When I read this week that accountancy giant KPMG plans to become one of the first major UK firms to set a target for the number of senior staff from working-class backgrounds, I almost fell off my chair.
Not because I think this is a revolutionary act, or that KPMG is some evil-doer capitalist seeing the error of its ways, but simply because they used the term working class. The group wants 29% of its partners and directors to come from a working-class background by 2030, which it defines as having parents with “routine and manual” jobs, such as drivers and cleaners.
Now, this is astonishing to me as a British sociologist and a working-class academic who is engaged in a constant daily battle to have it acknowledged that the British class system is not only insidious, embedded and very much alive and well in Britain today, but that the very terms themselves, working class and the class system, must be used.

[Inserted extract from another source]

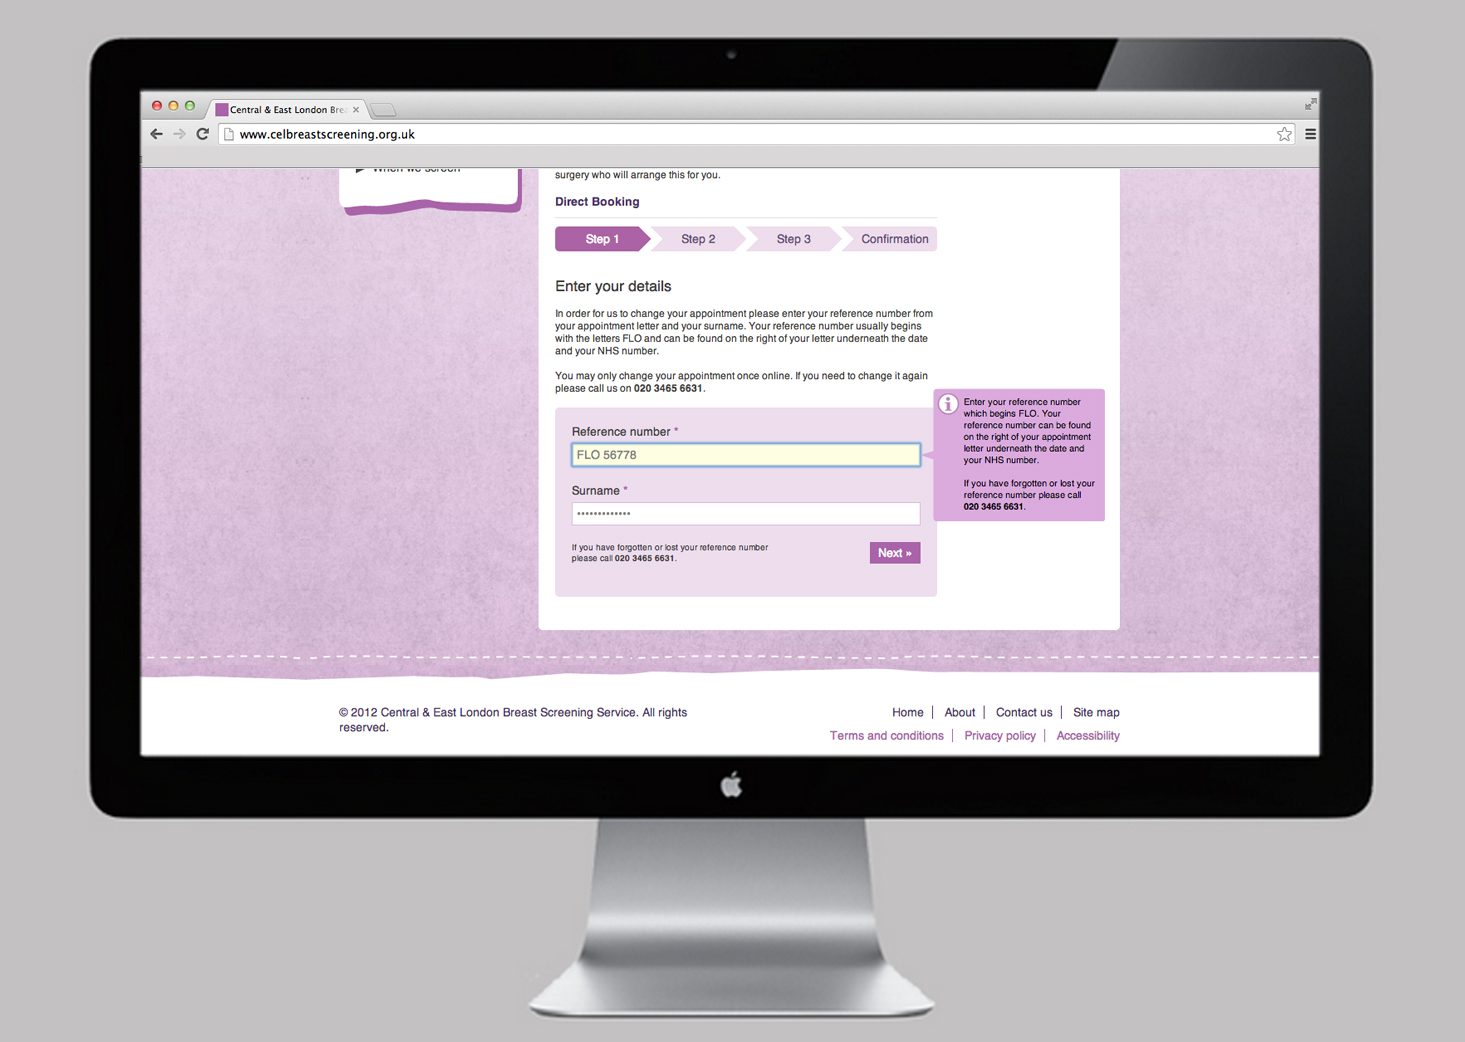 NHS Breast Screening website direct booking

Let me explain why. I have been on working-class watch for about twelve years, I’m a working-class sociologist, and so I have skin in this particular game. Over the past 20 years, I have noticed that use of the term ‘the class system’ has been unpopular in mainstream political and media discourse. It started in the Tony Blair years, when John Prescott, a working-class politician, was used by Blair and [one of his cabinet ministers] Peter Mandelson to connect with the great unwashed and announced that we were all middle class now.
Blairism was responsible for the erasure of class politics from the Labour Party and from wider politics in general. So much so that today’s Labour politicians, and the leaders of large trade unions, have immense problems with even uttering the words “working class.’ People like Labour leader Keir Starmer will use the term “working people” or sometimes “hard-working people,” but never the working class – and I honestly think the well-remunerated columnists on the country’s foremost left-ish newspaper, The Guardian, must have it written in their contracts, “thou shalt not say ‘working class’.”
And, yet, here we are this week and KPMG, an Anglo-Dutch multinational that has 227,000 employees in 147 countries, is proud to use the term. No wonder its announcement was front page news in The Times!
The firm’s chair, Bina Mehta – who said she comes from a working-class background – announced that she was a “passionate believer that greater diversity improves business performance” and added: “Diversity brings fresh thinking and different perspectives to decision-making, which in turn delivers better outcomes for our clients.”
I would never have thought that I would possibly agree with and approve of a decision made by such arch global capitalists, and yet I do. I think Mehta is absolutely right that lack of diversity in any industry or organisation means it becomes very quickly out of touch, self referential and irrelevant. Look at British politics or the British media as perfect examples of that – the British establishment, whether they are left or right, liberal or conservative, are uniformly middle class, mostly coming from private schools and elite universities like Oxford or Cambridge.
Sam Friedman and Daniel Laurison, colleagues of mine when I worked at the London School of Economics, wrote a book in 2019 entitled, The Class Ceiling – Why it pays to be privileged. Their research showed almost all of those occupying senior positions in law, business, academia, politics and the media were from middle- or upper-class backgrounds, and that the British class system is in better shape than it ever has been.
Social mobility has effectively stopped in this country – it is more important what your parents do for a living, and where you went to university, than any actual skill or talent you possess.
The news that an organisation like KPMG are not only acknowledging that the class system exists, and working-class people also exist, and are disadvantaged within it, is a great first step – and they are adopting policies to actually counter that disadvantage.
This is truly remarkable and let’s hope that other organisations and institutions that are traditionally closed middle-class spaces, and who do the work of gaslighting the working class into believing the class system does not exist and that the working class’s perceived lack of achievement is their own fault, may also have a change of heart.
It’s time they accepted that the British class system and the middle classes’ own unearned and undeserved advantages are squeezing out innovation, interesting culture, media that people want to engage with, and politics that matter.
KPMG’s move is to be applauded, but I do hope they find a way to make sure that their scheme is not undermined in the way initiatives like this often are. I can just see conniving British middle-class people combing through their family trees to find some dock worker or coal miner among their ancestors, or perhaps dropping a few Hs and adopting a working-class accent – they really are the world’s experts at gaming the system to their own advantage.